5. Non-goals (explicit)¶
- Structured-data redaction. No JSON-path / YAML-tree walker; callers
redact field-by-field at the type layer with
SecretString. - Customisable replacement string.
[redacted]is hard-coded; tools that need a different literal wraprtb_redact::stringthemselves. - Rule allowlist / denylist configuration. No runtime toggles; the
rule set is a single versioned shape. v0.2.x can add opt-in via a
RedactOptionsstruct without breaking v0.2 callers. - Performance guarantees below "fast enough for log lines". The design goal is <10 µs for a typical 200-char log line on commodity hardware. Not a hot-path helper; callers who need zero-cost paths gate by log level first.
- i18n. The replacement literal is ASCII
[redacted].
6. Rollout plan¶
- Land this spec + Gherkin + failing unit tests together.

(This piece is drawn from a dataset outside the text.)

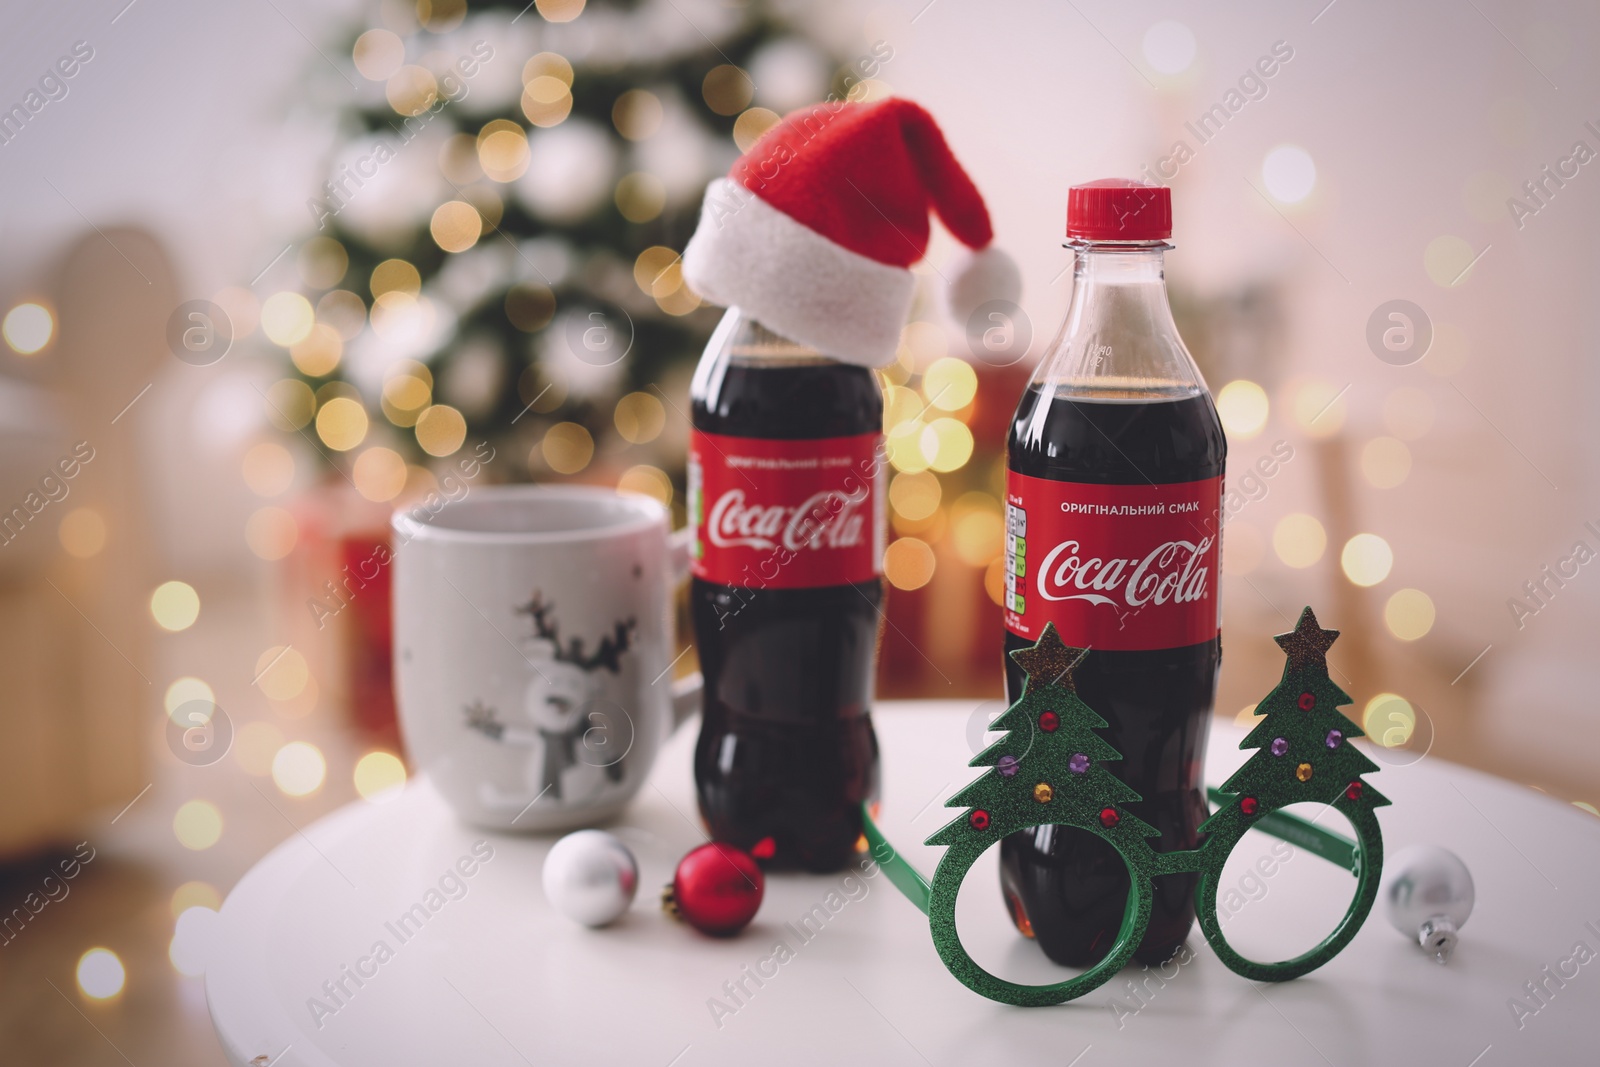 Photo of MYKOLAIV, UKRAINE - January 01, 2021: Bottles of Coca-Cola, cup and party glasses on table against blurred Christmas lights
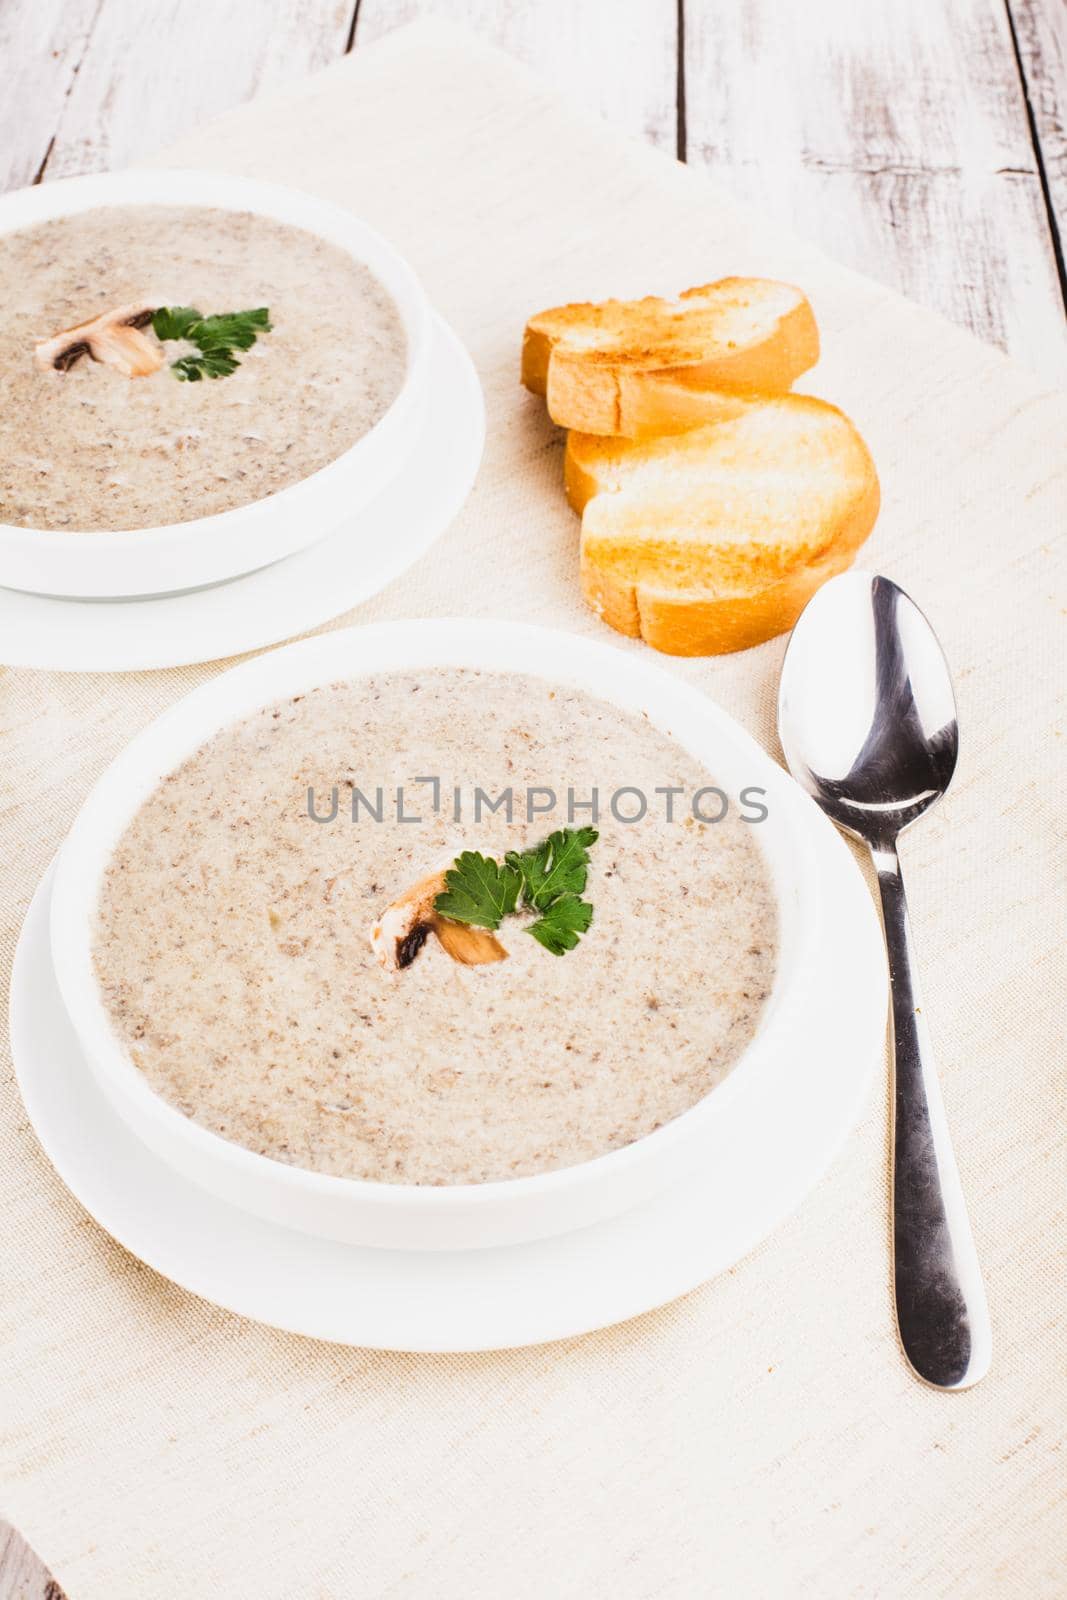 mushrooms cream soup with croutons - dried white loaf

- Implement the regexes + API to green.
- Integrate into
rtb-telemetryin a follow-up PR; updatertb-telemetry's event doc comment to remove the "redaction responsibility on the caller" language. - Add
rtb-redacttortb-cli's HTTP middleware (debug-log redactor). - Document in
docs/components/rtb-redact.md+ add to componentsindex.md.
7. Open questions¶
- O1 — Should the allowlist of provider prefixes be extensible at
compile time via Cargo features? e.g.
features = ["aws-sso"]addsAQoDYXdz...prefixes. Resolved: no. The security story is clearer when every supported prefix is always compiled in — a user cannot accidentally opt out of a prefix by omitting a feature flag, and a tool author cannot narrow the allowlist in the name of binary size at the cost of a future leak. If a prefix is well-enough-known for RTB to ship a rule for, it ships unconditionally. Binary-size cost is negligible (each rule is a small compiled regex). - O2 —
rtb_app::regex_util::compile_bounded. The framework spec andCLAUDE.md§ Regex Compilation describe a helper that appliesRegexBuilder::size_limit(1 MiB)+dfa_size_limit(8 MiB)+ 1 KiB pattern bound for user-supplied patterns.rtb-redacthas no user-supplied patterns, so it doesn't need the helper. But the helper itself hasn't shipped — is it v0.2 or v0.3? If v0.2, where: inrtb-app, or its own tiny crate? Proposed resolution: land inrtb-app::regex_utilas part of the v0.2 cycle, as a small independent PR afterrtb-redact. - O3 — Should
string()returnCow<str>to skip allocation when no redactions apply? Would save aString::cloneon the fast path. Proposed resolution: yes,Cow<'_, str>return. Revisit if it causes call-site friction. - O4 —
redact::SENSITIVE_HEADERSdata structure. Resolved:phf::Set— future-proofed now. New provider integrations (Azure, Cloudflare, Vercel, etc.) will add headers quickly; starting with a slice would mean a future breaking API swap.phfis a tiny compile-time dep with no runtime cost. - O5 — Behaviour on invalid UTF-8 input.
&stris already UTF-8; a caller with aVec<u8>that might not be has to convert first. Should we offer abytes(input: &[u8]) -> Vec<u8>variant? Proposed resolution: no — forces the caller to think about the encoding.